#### [Work to be completed]
Find the line below with "- Lebe deinen" and the line with "La Sección De". Output them and the lines between, exactly, but not the pictures.
================================
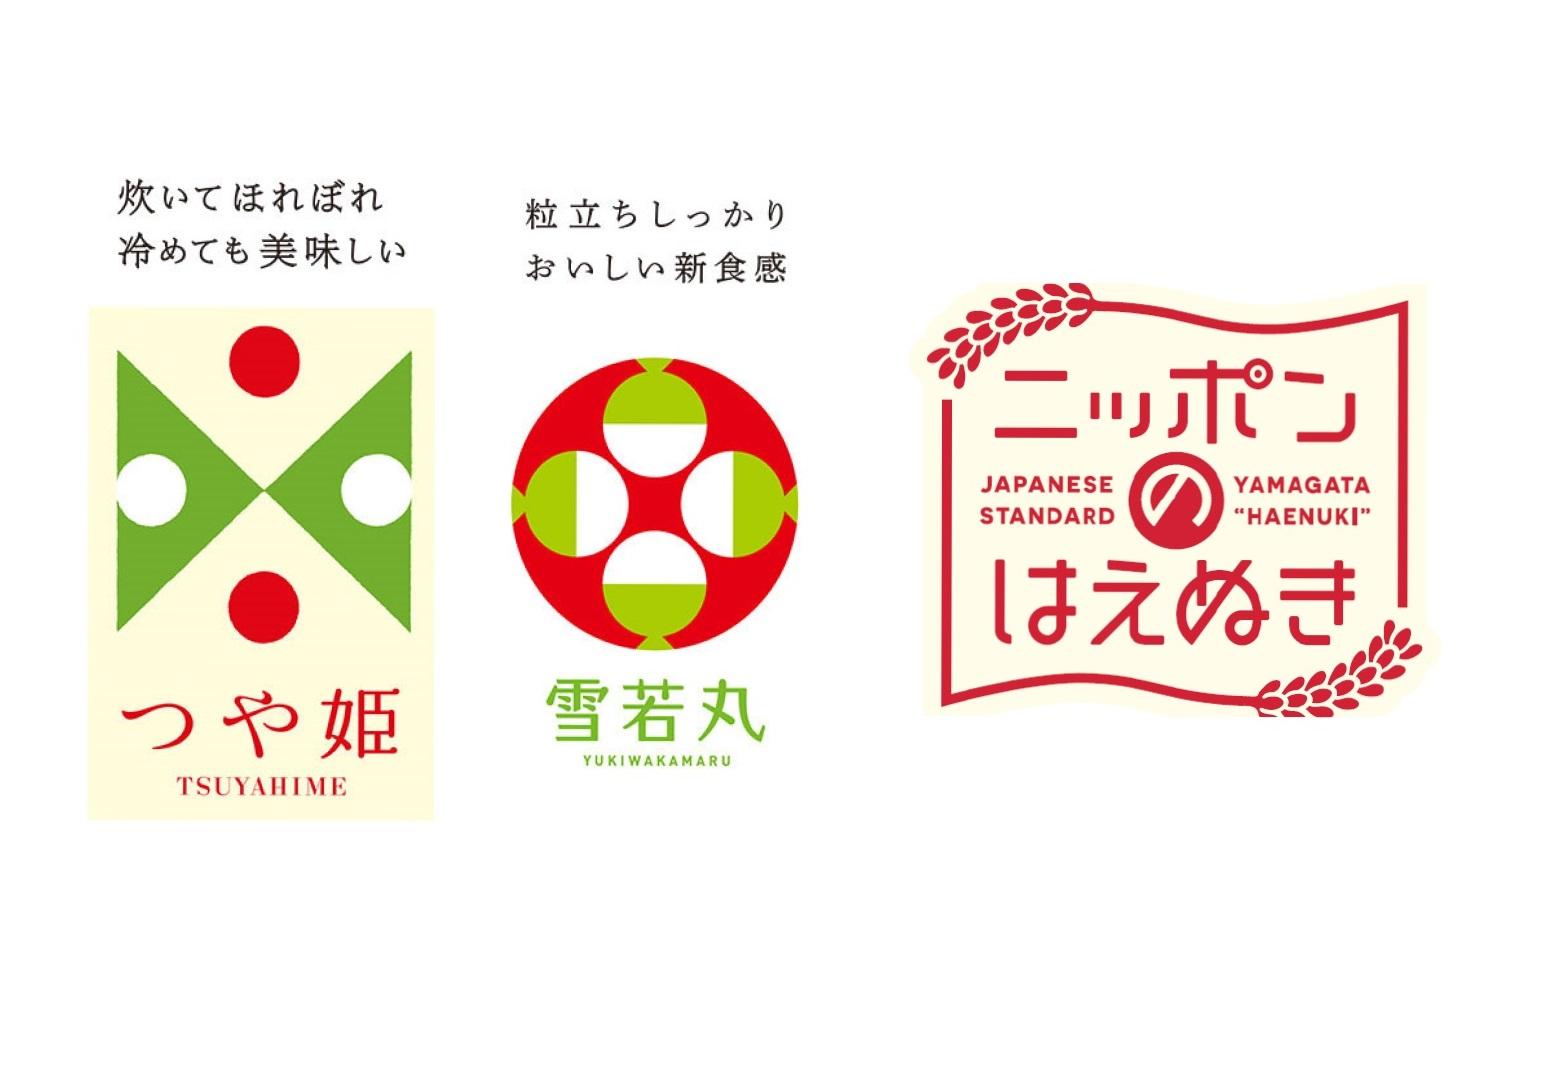 プレゼント当選者発表(9月29日締切分)
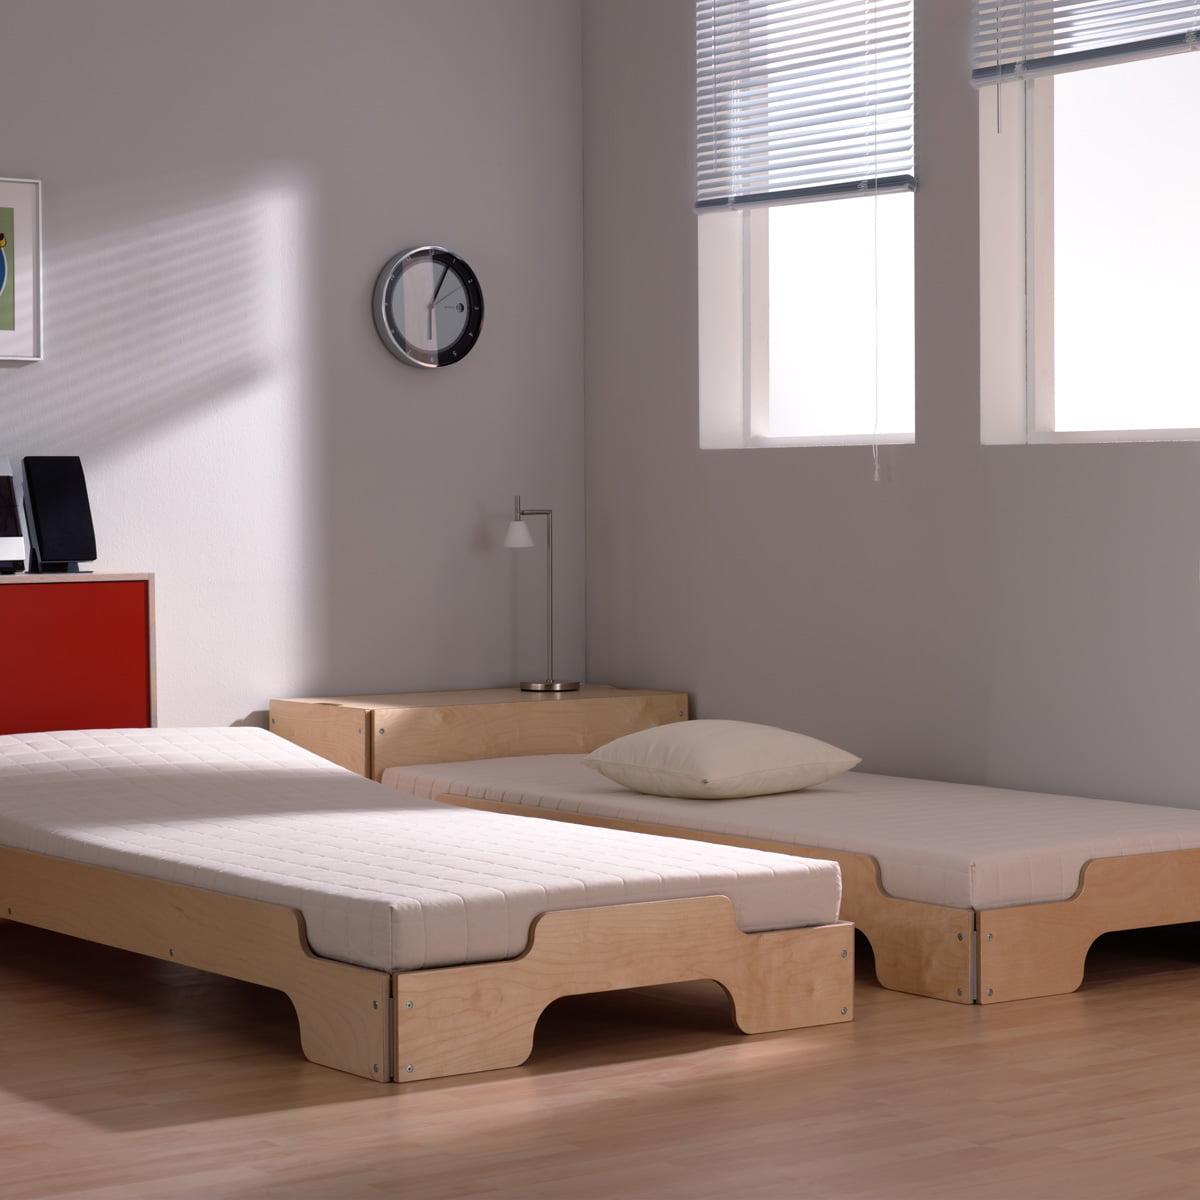 stacking bed in birch rolf heide shop. Black Bedroom Furniture Sets. Home Design Ideas
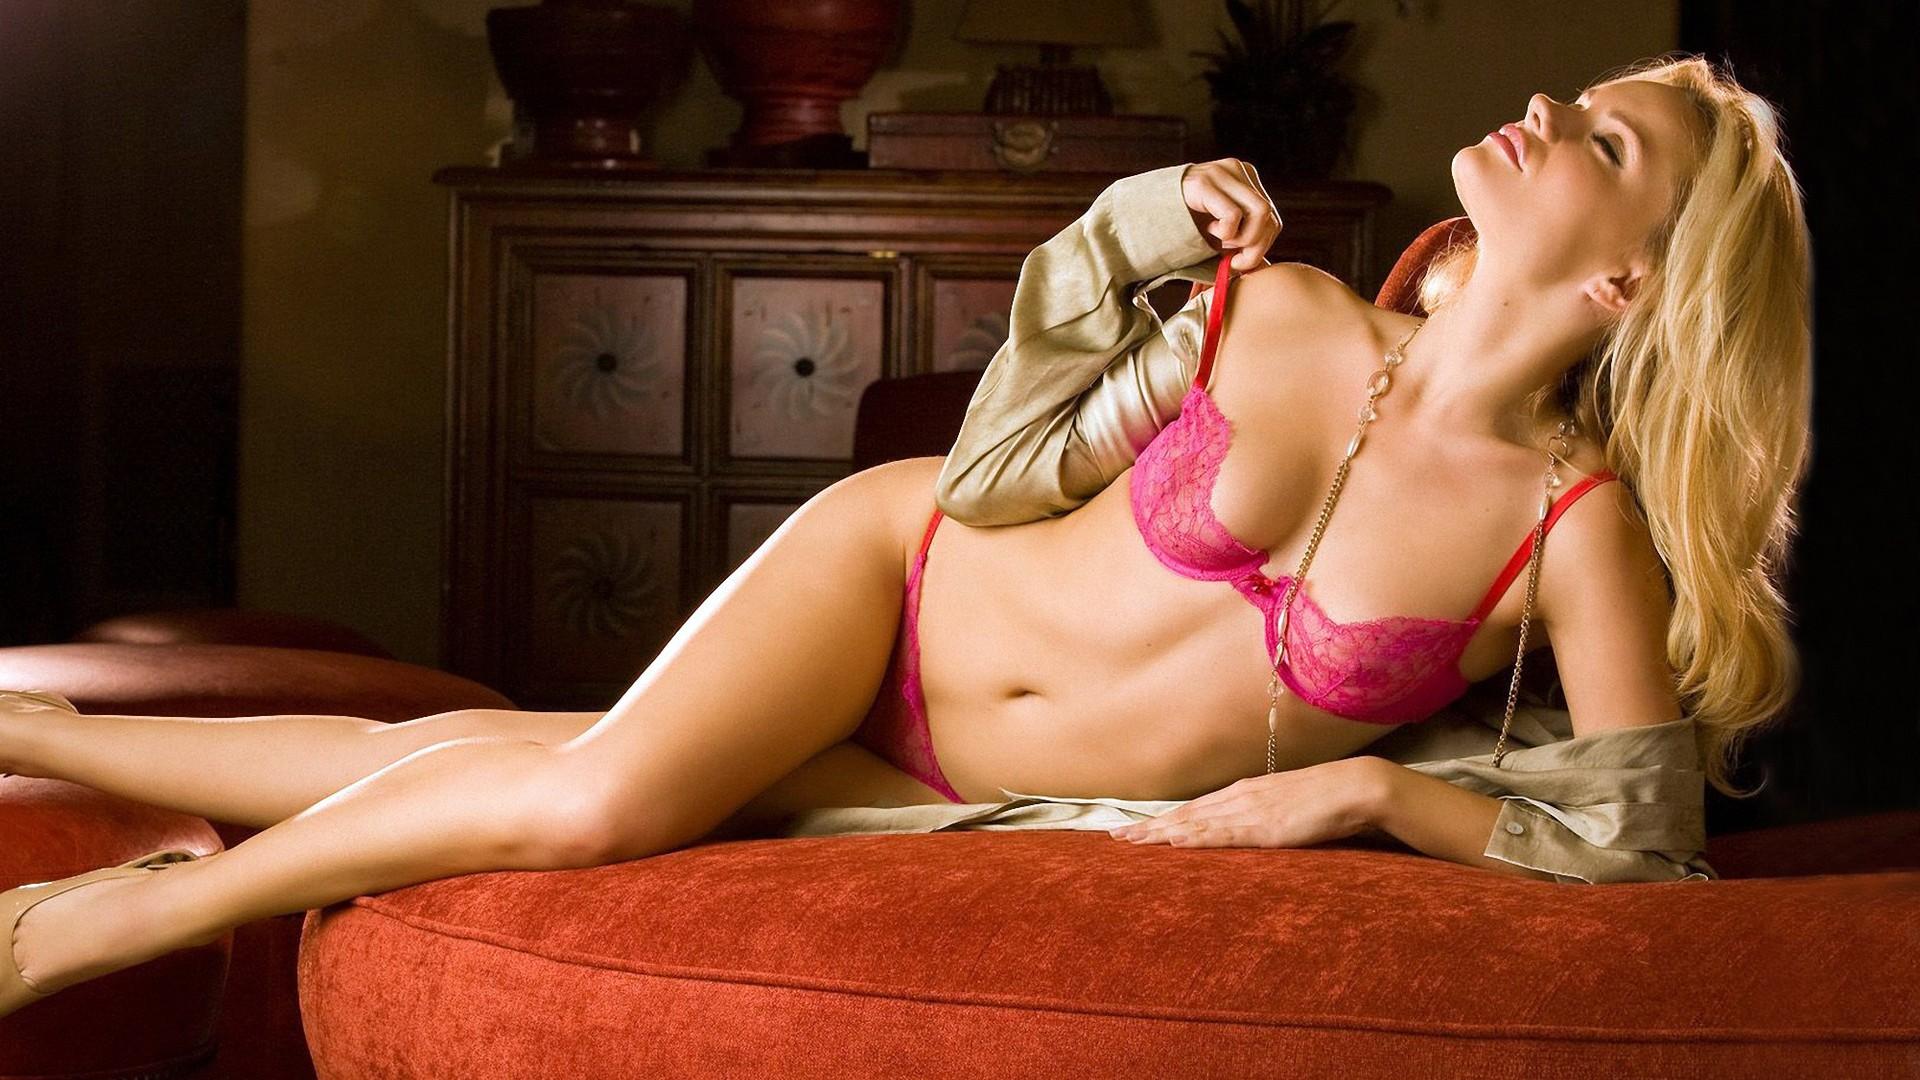 Блондинка В Розовом Эротическое Фото
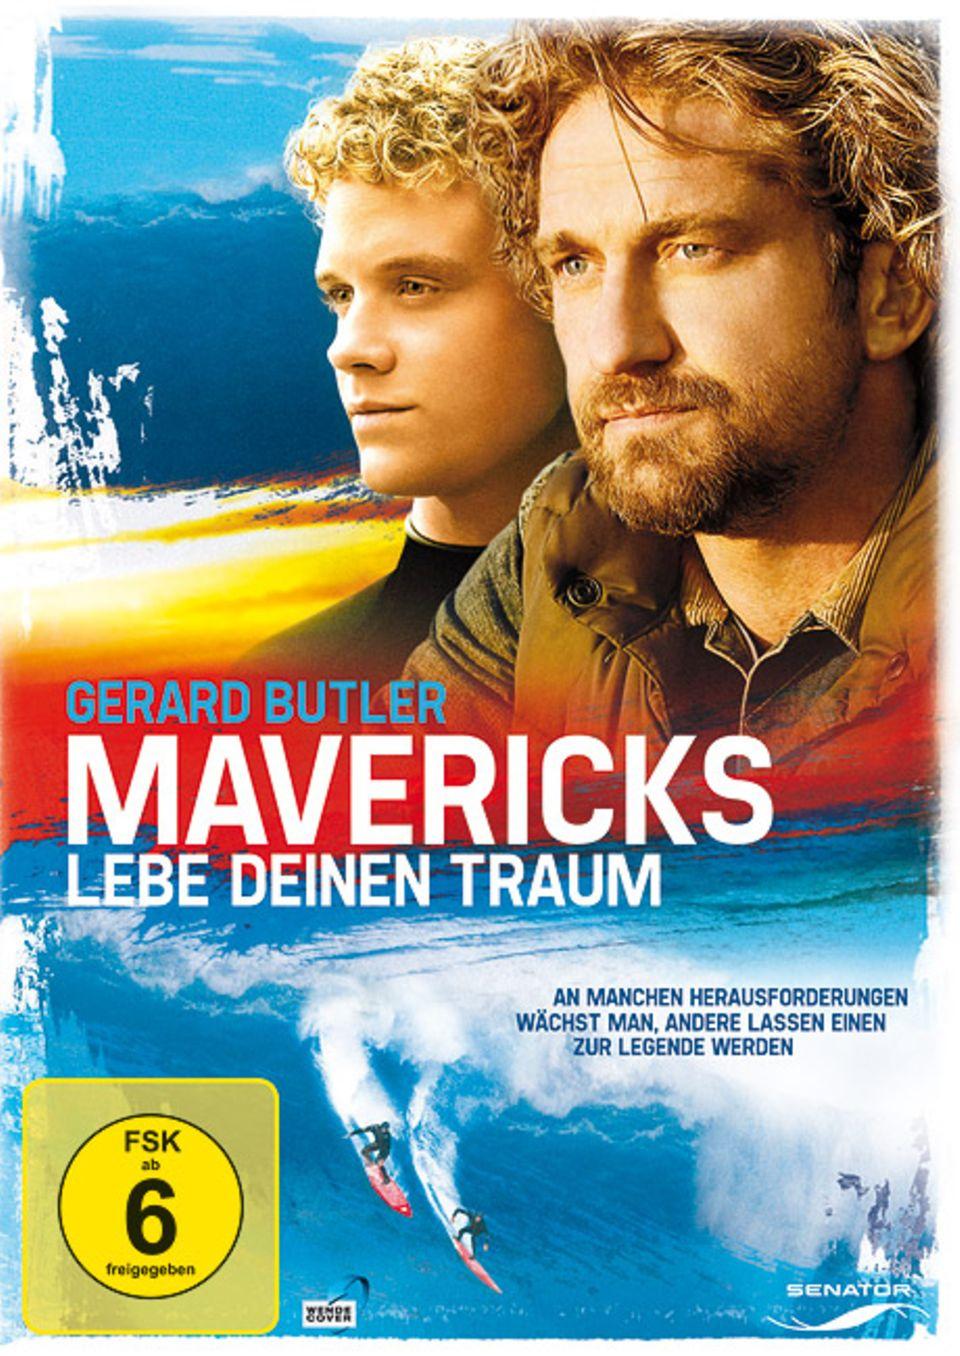 """""""Mavericks - Lebe deinen Traum"""" erschien 2012 als Spielfilm. Jetzt ist der Film auch in Deutschland im Handel erhältlich"""
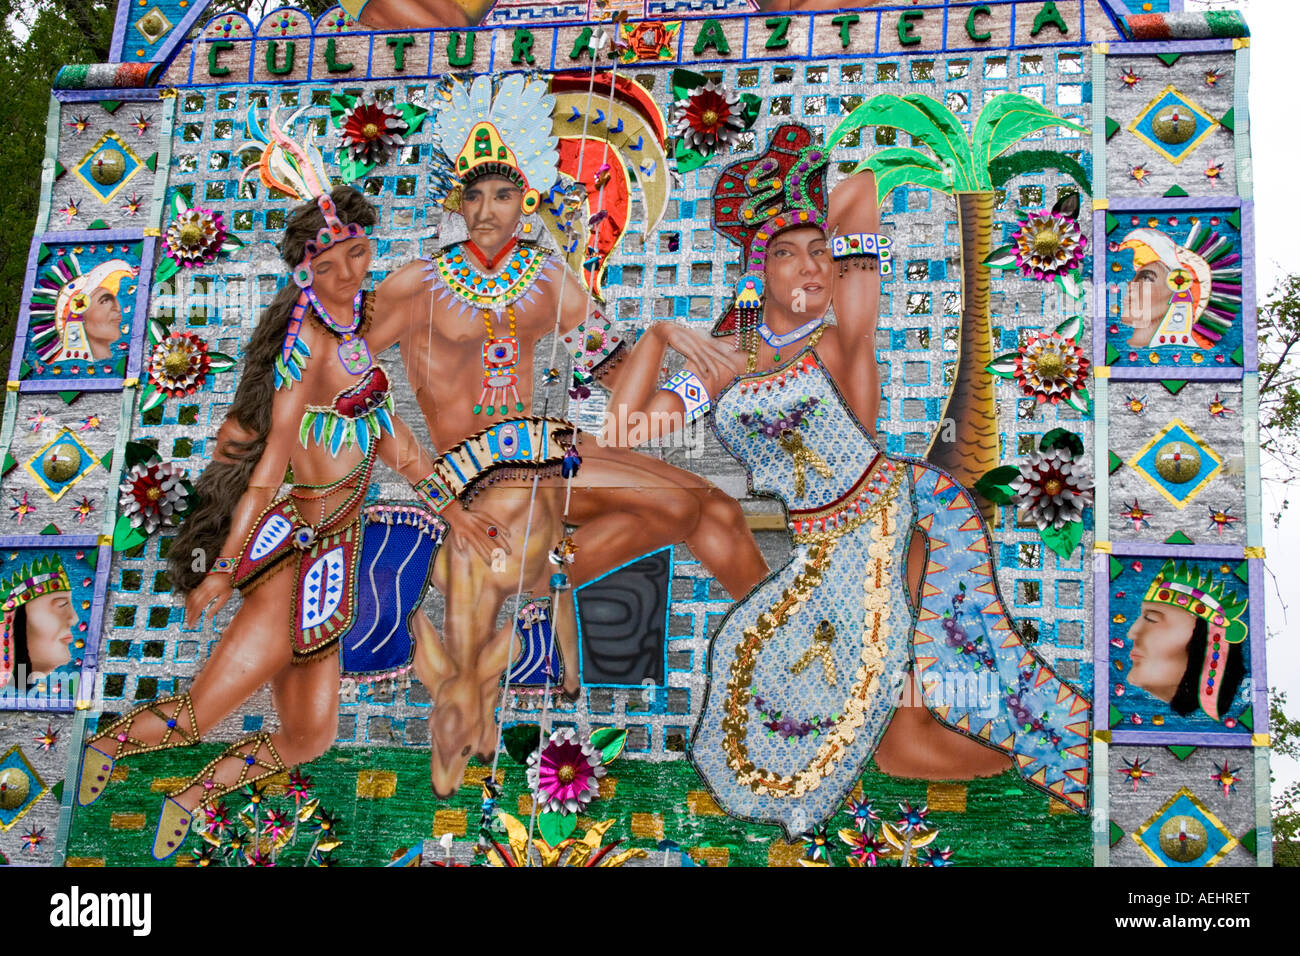 La Sección De Póster Con Pinturas Representando A La Cultura De Los
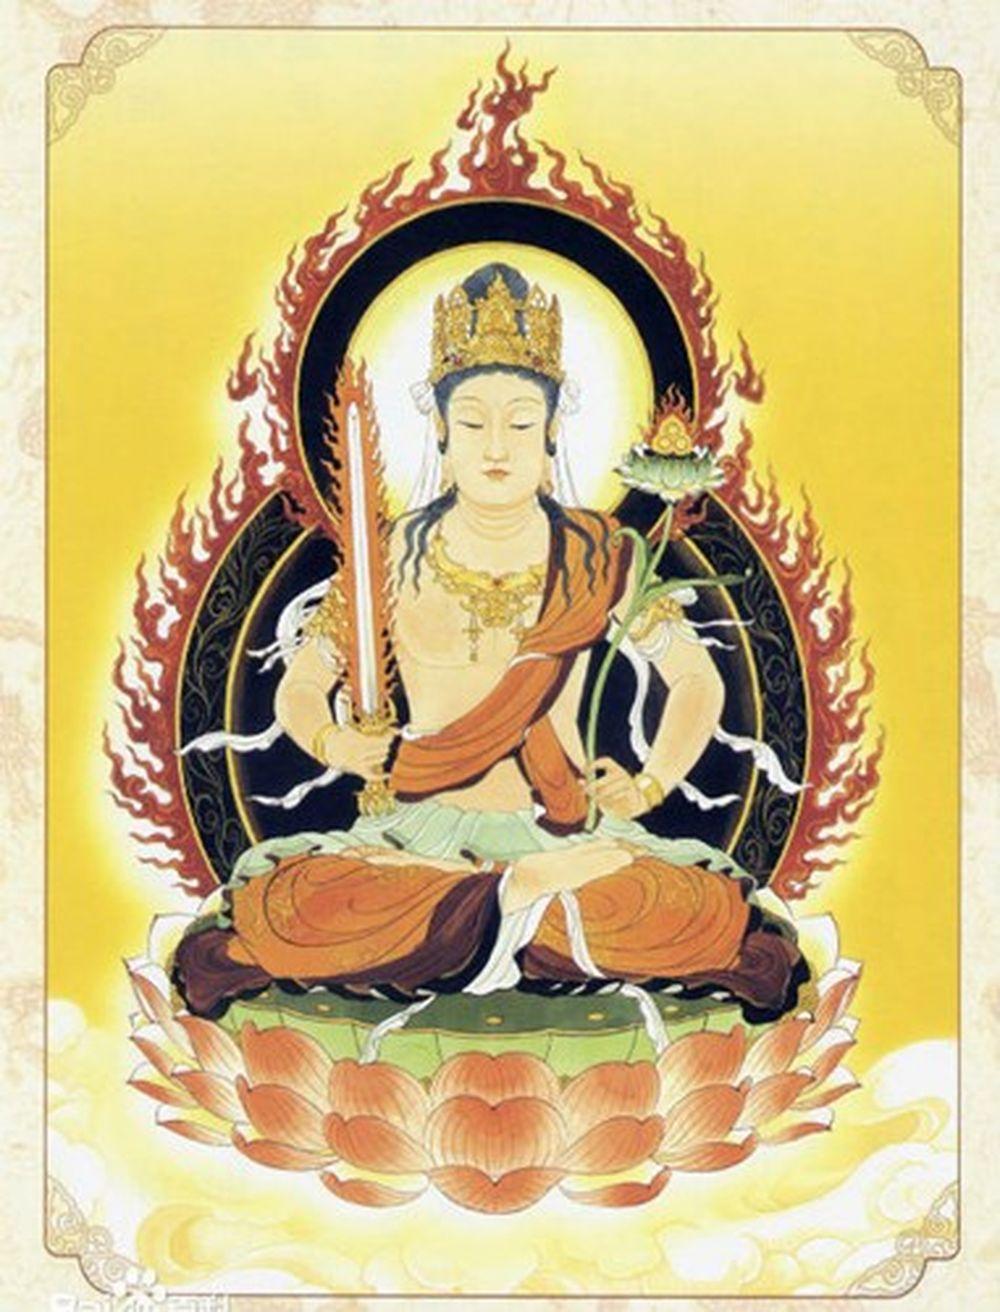 Tuổi Sửu và tuổi Dần: Hư Không Tạng Bồ Tát danh hiệu AKASAGARBHA chính là vị Phật hộ mệnh của các bạn. Ngài còn có mật hiệu là Khố Tạng Kim Cương, ...
================================
#### [Output of the exercise]
 """""""Mavericks - Lebe deinen Traum"""" erschien 2012 als Spielfilm. Jetzt ist der Film auch in Deutschland im Handel erhältlich"""
 La Sección De Póster Con Pinturas Representando A La Cultura De Los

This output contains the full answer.